Rep. Markey (D-MA): Federal Government Should Be Regulating Amusement Park Safety

Story: Chicago Tribune

After the tragic death of a 4-year old boy at Epcot’s Mission: Space attraction in Disney Monday, Congressman Edward Markey of Massachusetts has repeated his call for the National Amusement Park Ride Safety Act. To sum it up in one sentence: the US Consumer Product Safety Division should have regulatory oversight of rides and attractions at amusement parks currently under state contol.

Good intentions aside, do really need another layer of Federal bureaucrats administering amusement park safety? On the same day a voluntary recall was announced & reports of children’s motor scooters causing 10,000 emergency room visits last year and 49 deaths in the past 7 years, does anyone at the USCPSD really think they can do a better job with amusement park safety?

Why have so many small, local, mom-n-pop amusement parks gone out of business? Did they lose out to the larger theme parks or did the cost of liability insurance cause them to go under?
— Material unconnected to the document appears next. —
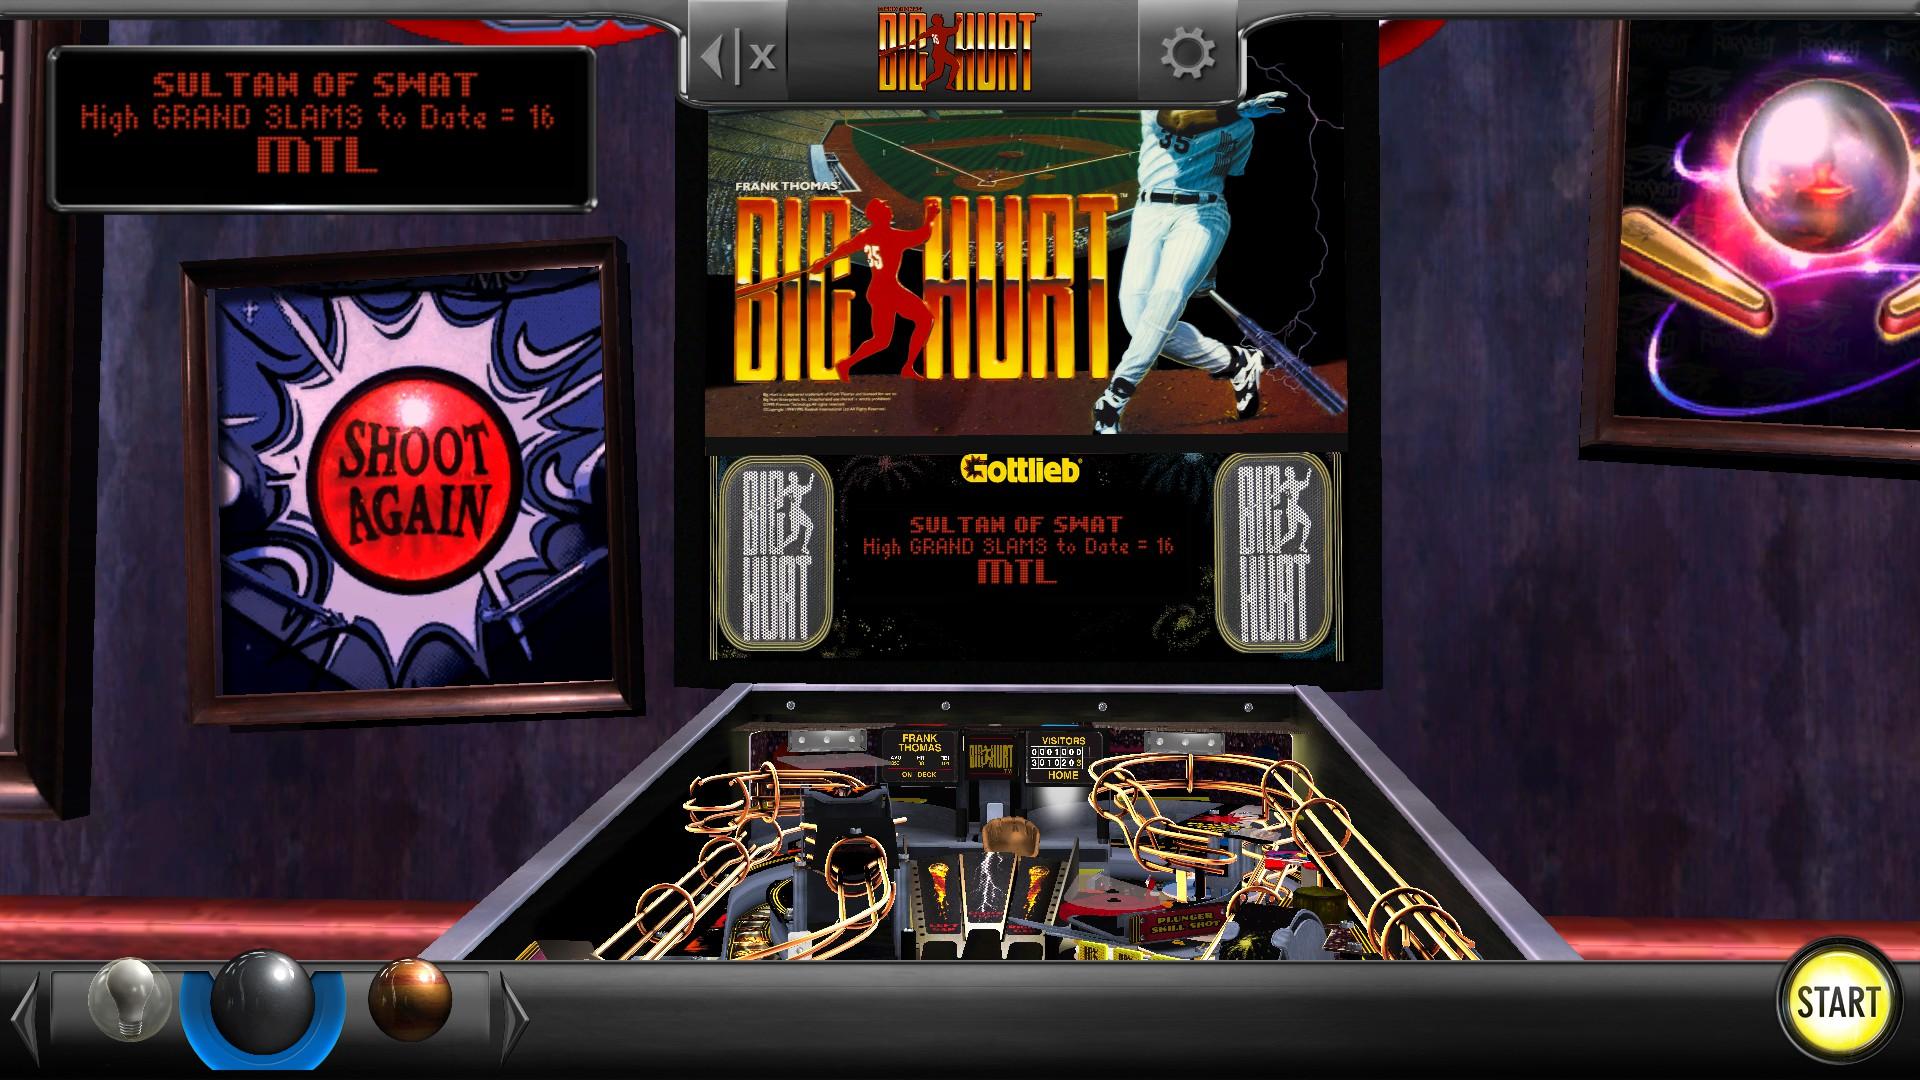 Mantalow: Pinball Arcade: Big Hurt (PC) 1,515,745,850 points on 2016-08-25 02:13:38

Perhaps as a way to sell his bill, Rep. Markey should offer federally regulated amusement parks liability protection.

Did you put this in MPSIMS by accident? Sure seems like a debate to me.

I can’t see that it makes a whole lot of sense for anyone else besides the Feds to be doing the regulating, actually. First, there are the traveling carnivals, whose rides are often real rattletraps. They don’t stay in just one state, so it makes sense for them to be regulated by an entity whose jurisdiction crosses state lines.

Then there’s the Six Flagses and Busch Gardens and Kings Dominions of the world. (Which in all likelihood is what happened to your mom n’ pop amusement parks. Mom and pop just don’t have the capital to keep up every time Six Flags introduces the next generation of roller coasters.) How many states besides CA and FL have more than two or three of these sorts of places? Purely from an economies-of-scale POV, it hardly makes sense for each state to have its own regulatory body to regulate the one or two or three such amusement parks within its borders. Either they won’t spend enough money to become good at what they’re doing, or they’ll spend a disproportionate amount of money relative to the size of the industry they’re regulating; there’s no room for a happy medium here.

Check the link provided below. There are differing regulations for fixed amusement rides found in parks such as Six Flags, and the traveling rides which move from one location/state to another. Surprisingly, 6 states place no regulation on traveling rides at all. The rest invoke a pastiche of annual inspection, local inspection, inspection by a professional engineer, and so forth.

While I would support a national standard, there is no reason why local code enforcement officials could not carry out this task once they’ve been properly trained to evaluate the risk.